Le houlogénérateur Wave Dragon, l'un des plus aboutis, est flottant et amarré, sa hauteur de flottaison est ajustable en fonction des caractéristiques de la houle. Ses dimensions sont impressionnantes : 300 m de distance entre les extrémités de ses bras, 170 m de longueur et 17 m de hauteur dont 3 à 6 m au-dessus du niveau de la mer. La masse totale est de 33 000 tonnes avec un réservoir d’une capacité de 8 000 m³. Sa puissance maximale est de 7 MW avec une productivité annuelle de 20 GWh. Le principe de fonctionnement du Wave Dragon est simple (cf. schéma ci-contre). Les deux immenses bras font converger les vagues déferlantes vers le centre de l’engin. L'eau qui monte sur le socle central est d'abord amenée dans un réservoir. Une trappe s'ouvre avec les vagues pour laisser passer l'eau qui actionne ensuite une turbine en retombant dans la mer. Un Wave Dragon à échelle réduite a été testé en mer du Nord sur le site de Nissum Bredning. L’engin, de 57 m de large et pesant 237 tonnes, a été connecté au réseau en mai 2003 et produit aujourd'hui de l'électricité. Des projets plus ambitieux sont à l’étude et un Wave Dragon à échelle 1/1 devrait être installé au cours de l’été 2008 à Milford Haven, au Pays de Galles.

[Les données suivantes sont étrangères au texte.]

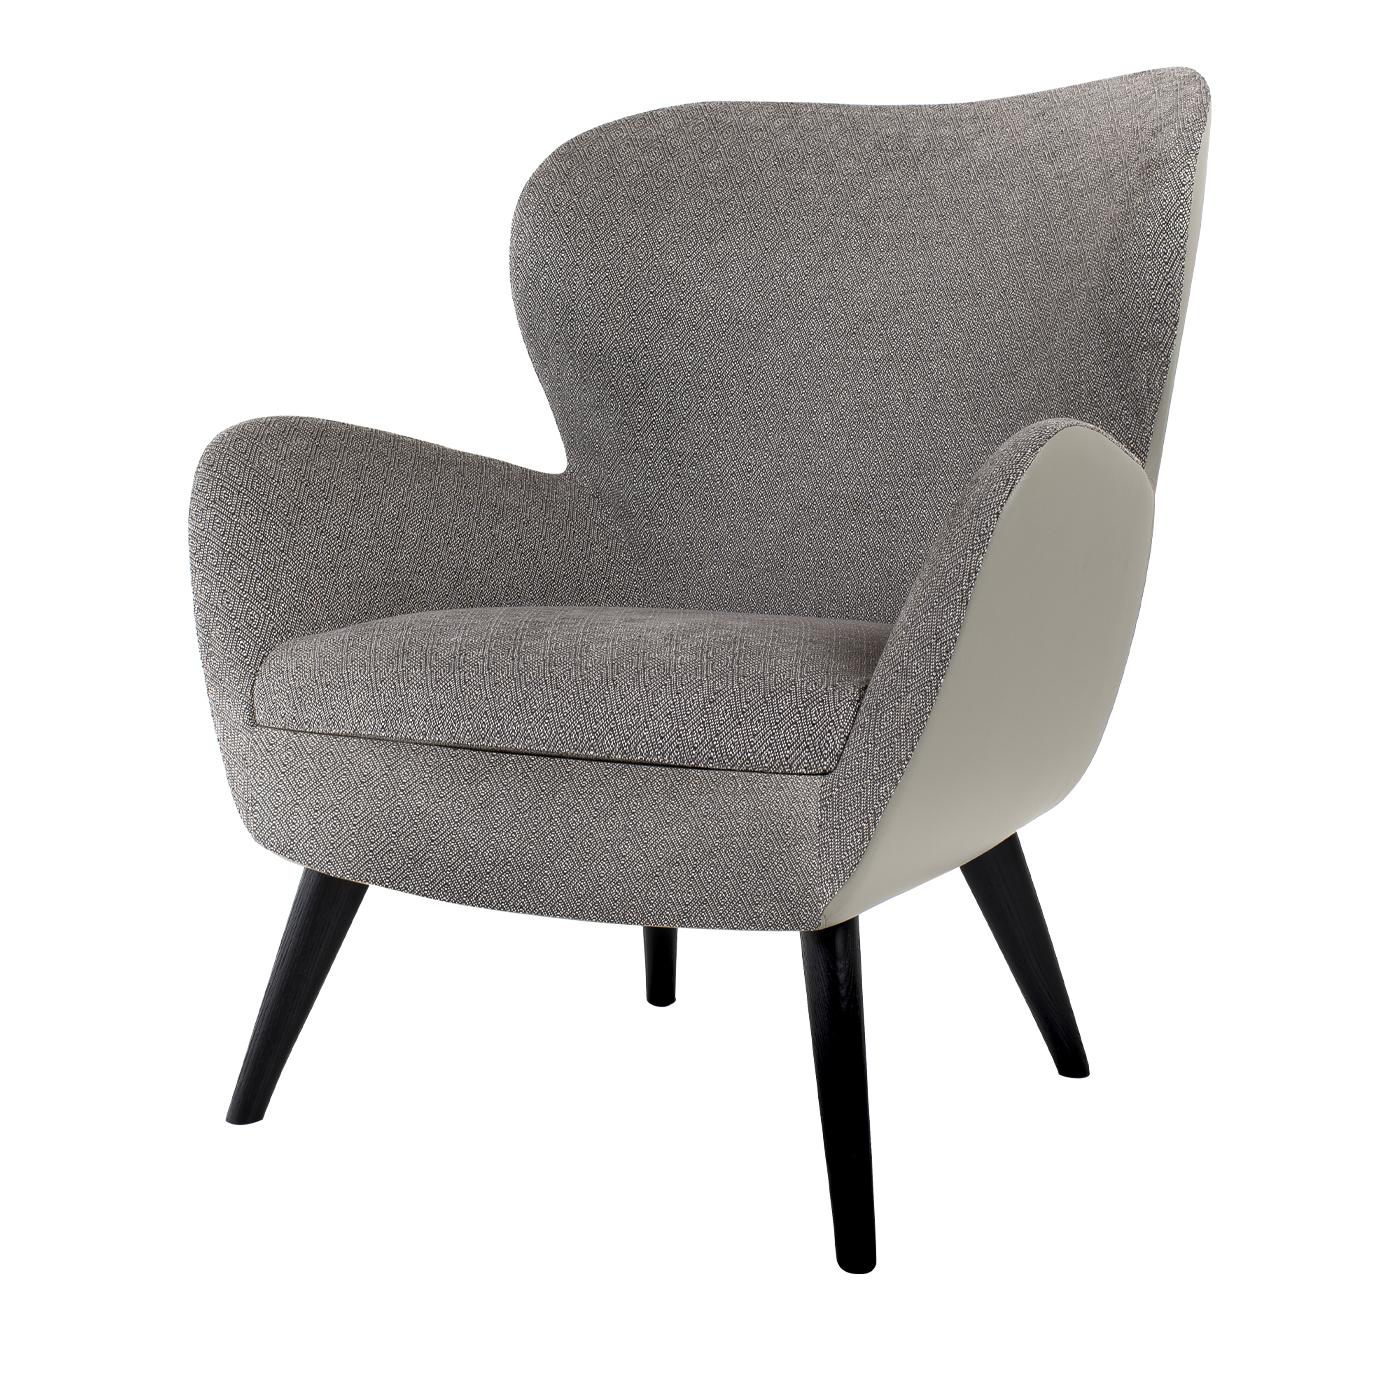 This retro style armchair with a 1960s inspired design elegantly combines an external leather layer and an internal fabric one, both in a stylish nuance of pewter. Well-padded, comfortable and enveloping, this chair will make a statement in your

[Photo : Le principe de fonctionnement du Wave Dragon est simple. Les deux immenses bras font converger les vagues déferlantes vers le centre de l’engin. L’eau qui monte sur le socle central est d'abord amenée dans un réservoir. Une trappe s'ouvre avec les vagues pour laisser passer l'eau qui actionne ensuite une turbine en retombant dans la mer.]

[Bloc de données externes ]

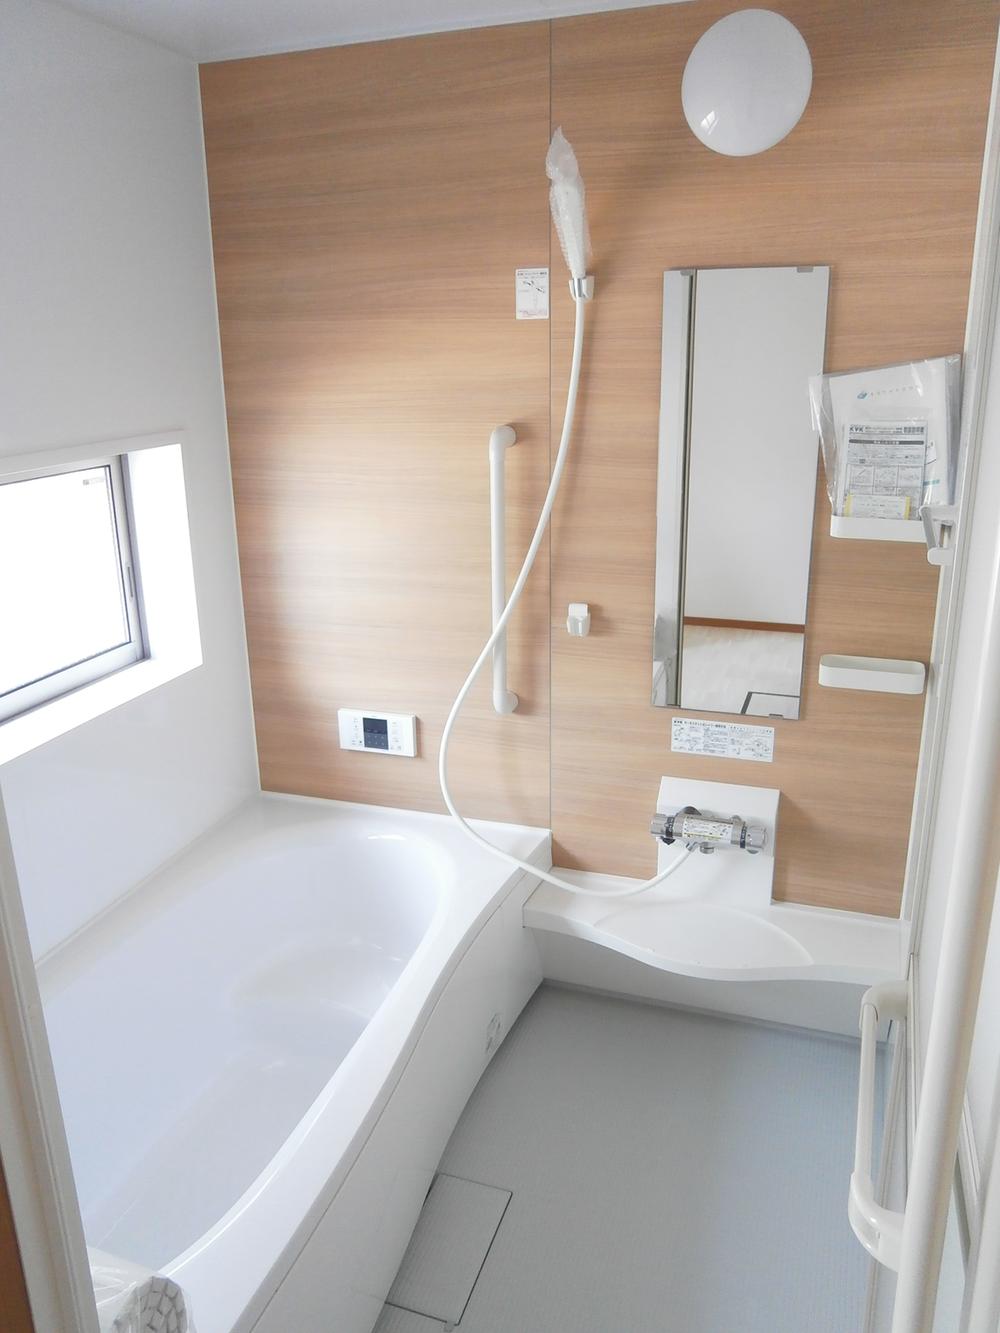 Same specifications photo (bathroom). Same specification bathroom It is also useful cleaning if there is a window.

Le Wave Star est une variante composée de blocs flottants. Les vagues soulèvent les flotteurs qui actionnent des vérins hydrauliques verticaux, ce qui produit de l’énergie. Le Wave Star est également testé depuis avril 2006 sur le site de Nissum Bredning.

La firme écossaise Ocean Power Delivery a développé de son côté un concept original, le système Pelamis, qui se présente sous la forme d'un long serpent articulé en acier à l’intérieur duquel se trouve, à chaque articulation, un système de ressorts que l’énergie houlomotrice comprime et qui font fonctionner ensuite, en se détendant, un moteur hydraulique, lequel entraîne un alternateur. Au Portugal, 3 Pelamis pesant 700 tonnes et longs de 123 m pour un diamètre de 4,6 m ont été installés fin 2007 au large des côtes d’Agucadoura. La puissance électrique maximale de chaque système Pelamis est de 750 kW, chacune des 3 articulations comprenant chacune deux générateurs de 125 kW. Si l’essai s’avérait concluant, 27 autres modules pourraient être prochainement installés. Ce parc de 1 km² fournirait alors une capacité de production de 8 à 30 MW et pourrait alimenter 20 000 foyers.

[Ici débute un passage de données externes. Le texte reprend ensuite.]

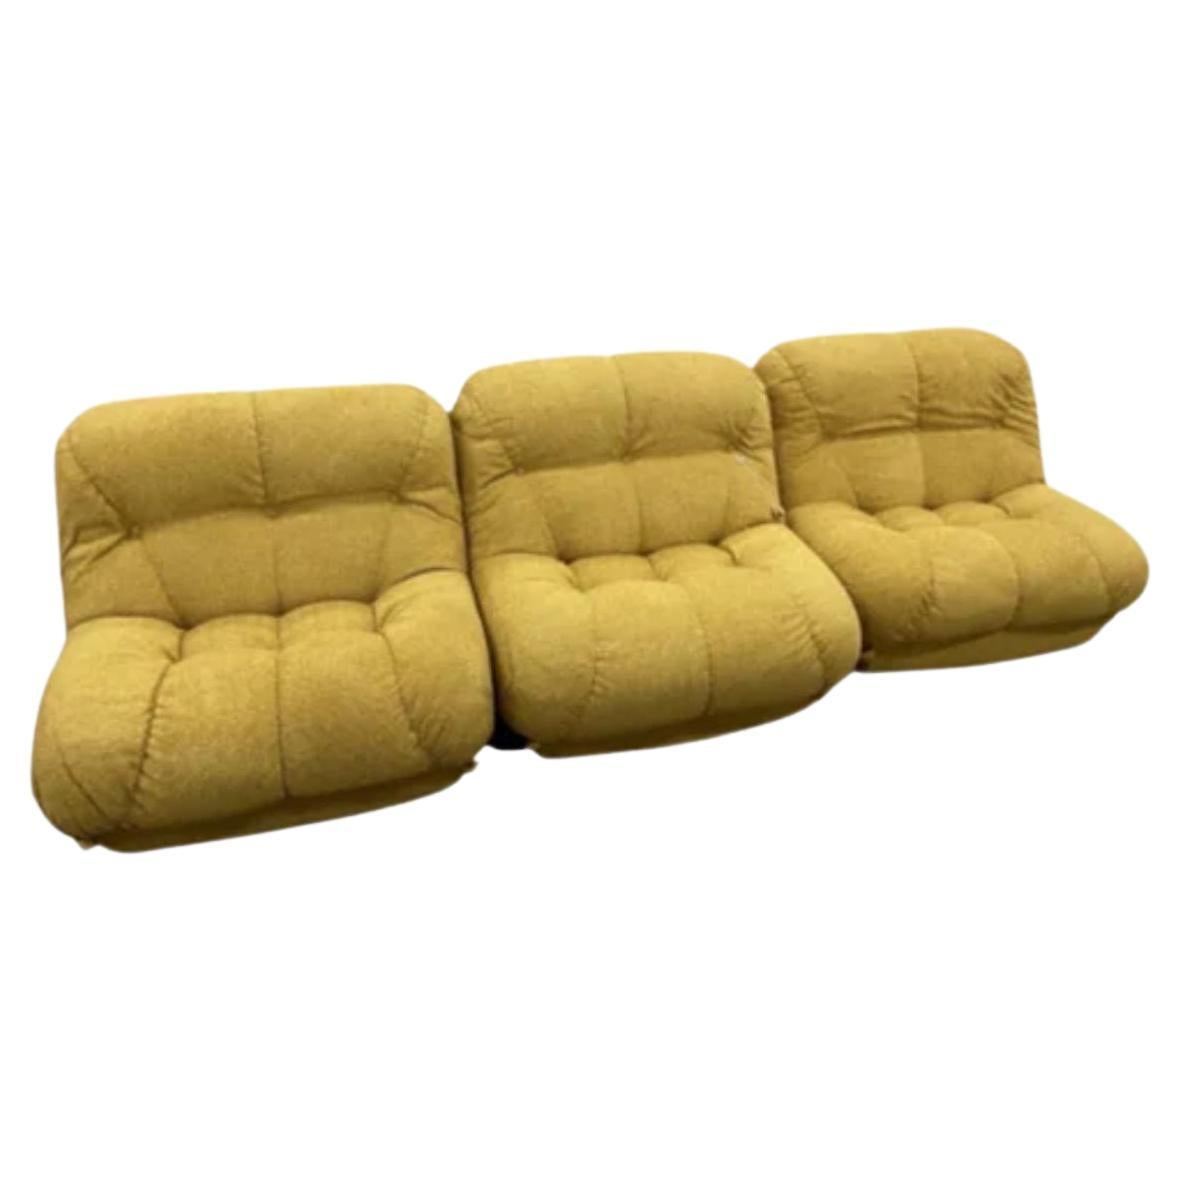 "Nuvocone" Three Piece Sectional Sofa in Yellow Fabric by Mimo Padova, 1970s For Sale

En France, le Laboratoire de Mécanique des Fluides de l’École Centrale de Nantes et le département mécatronique de l'École Normale Supérieure de Cachan misent sur le mouvement pendulaire. Le dispositif baptisé Searev (Système Autonome Électrique de Récupération de l’Énergie des Vagues) se présente sous la forme d'un petit sous-marin au sein duquel se trouve un système de poids qui va osciller avec la houle, remplissant puis vidant alternativement des pompes hydrauliques, ce qui a pour effet de charger des accumulateurs à haute pression et d’entraîner des générateurs d’électricité. Déjà testé en laboratoire, un exemplaire du Searev va être mis en service à une dizaine de kilomètres des côtes françaises pour une deuxième phase de tests début 2009.

[Photo : Le houlogénérateur Wave Dragon est flottant et amarré, sa hauteur de flottaison est ajustable en fonction des caractéristiques de la houle. Ses dimensions sont impressionnantes : 300 m de distance entre les extrémités de ses bras, 170 m de longueur et 17 m de hauteur dont 3 à 6 m au-dessus du niveau de la mer. La masse totale est de 33 000 tonnes.]
[Photo : Pelamis se présente sous la forme d'un long serpent articulé en acier à l’intérieur duquel se trouve, à chaque articulation, un système de ressorts que l’énergie houlomotrice comprime et qui font fonctionner ensuite, en se détendant, un moteur hydraulique, lequel entraîne un alternateur.]